Although no women artisans are known to have worked on the construction of the building, an Indiana woman was the model for the statue of Justice, one of eight marble statues located in the rotunda. Alexander Doyle carved the statues "of heroic size" from Italian marble. He gave seven of them classic Roman features. The eighth he modeled from the likeness of the wife of an Indiana judge.
The building was not yet finished when the 1887 legislative session began. The General Assembly held its first meetings in the new Statehouse while it was still a work in progress. The sounds of construction may have distracted lawmakers, but they were likely pleased when the building was finished the following year within budget, at just under $2 million.
In the near-decade during which the Statehouse was under construction, Indianapolis underwent many changes. In 1878 the state's first telephone company was organized in the city. By 1880 the population of Indianapolis was 75,056; the first Chinese immigrants (ten men) had arrived, and African Americans constituted 8 percent of the total population. There were 211 miles of streets, paved and unpaved, and 40 miles of those streets were illuminated with gas streetlights.

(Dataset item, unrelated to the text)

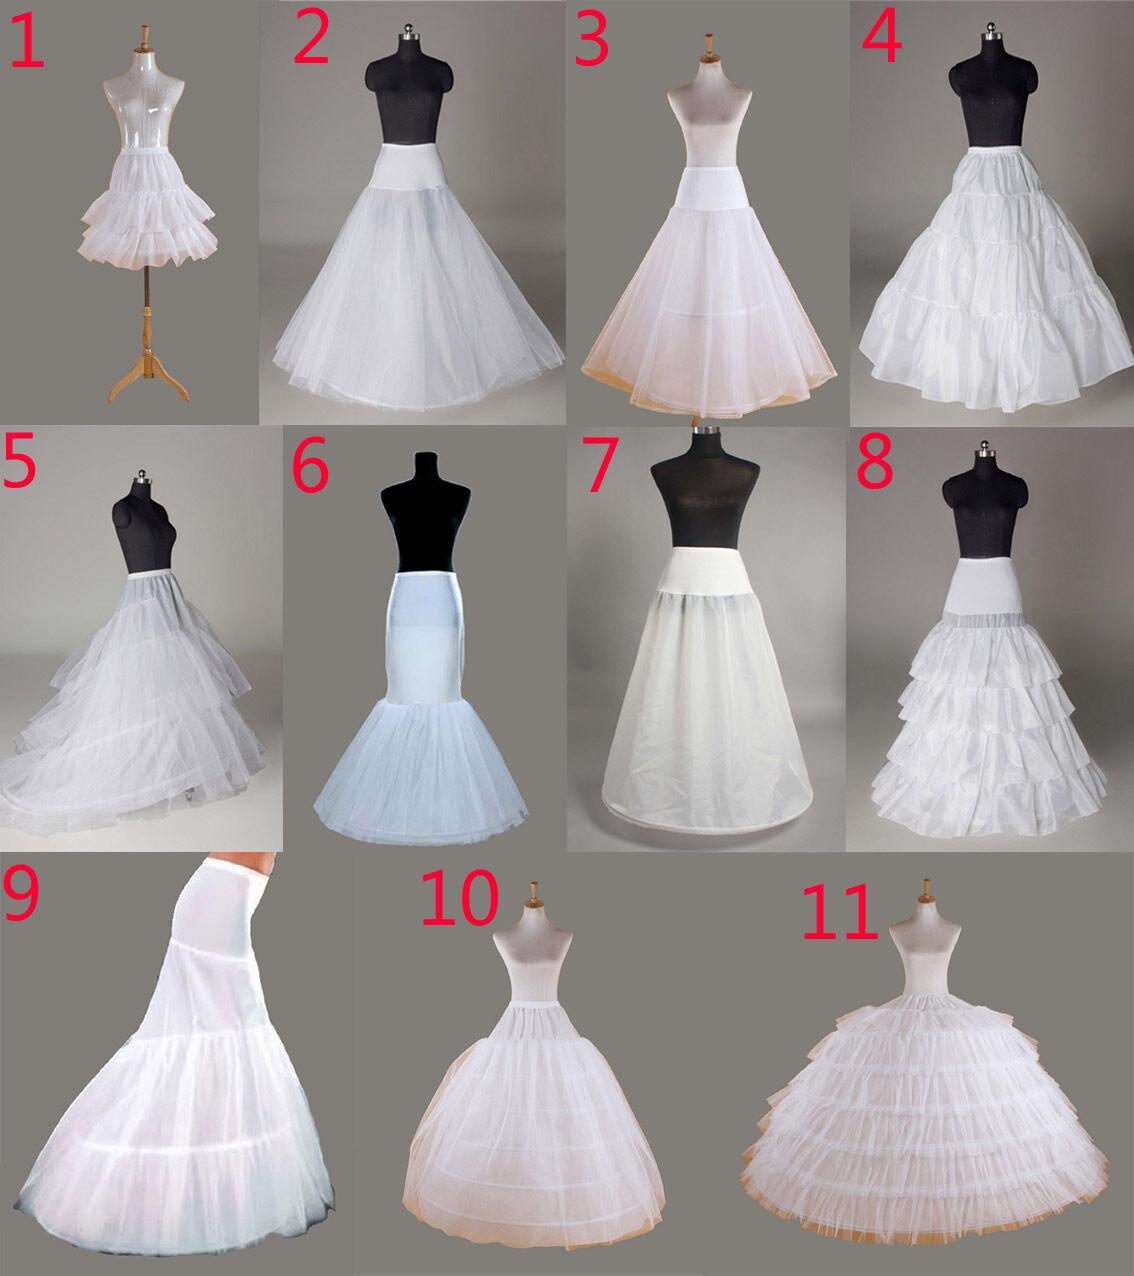 Petticoat Crinoline Hoop Underskirt Wedding Petticoat Fishtail Mermaid Prom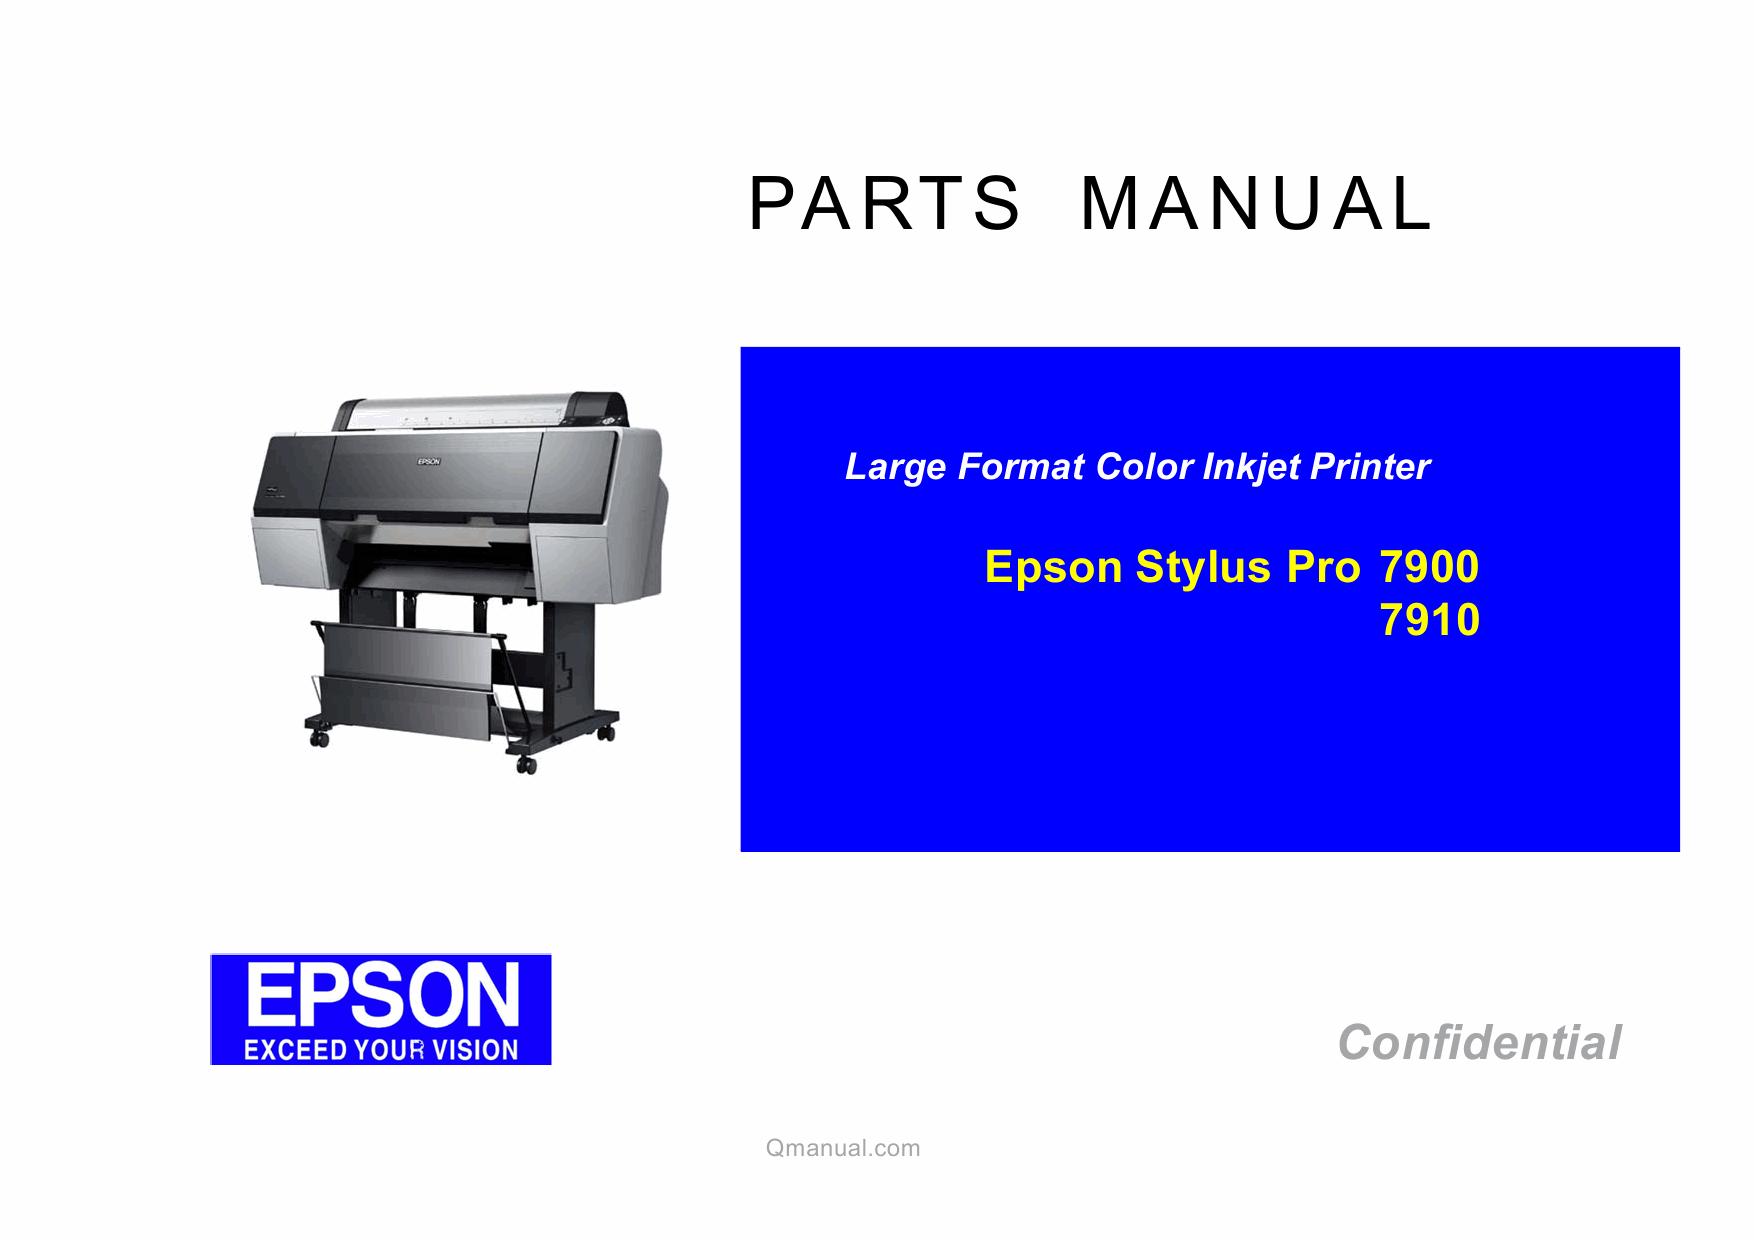 epson styluspro 7900 7910 parts manual epson stylus pro 7890 manual epson pro 7890 manual

By 1888 Hoosiers could look with pride on their new Statehouse. Its completion came at an opportune time. In that year Indiana was thrust into the national spotlight with the election of Indianapolis attorney Benjamin Harrison as president of the United States. As counties in Indiana built new courthouses and other states in the Union constructed new capitol buildings, Hoosiers could point to their Statehouse as an example of how a modern state had made a public space both beautiful and practical.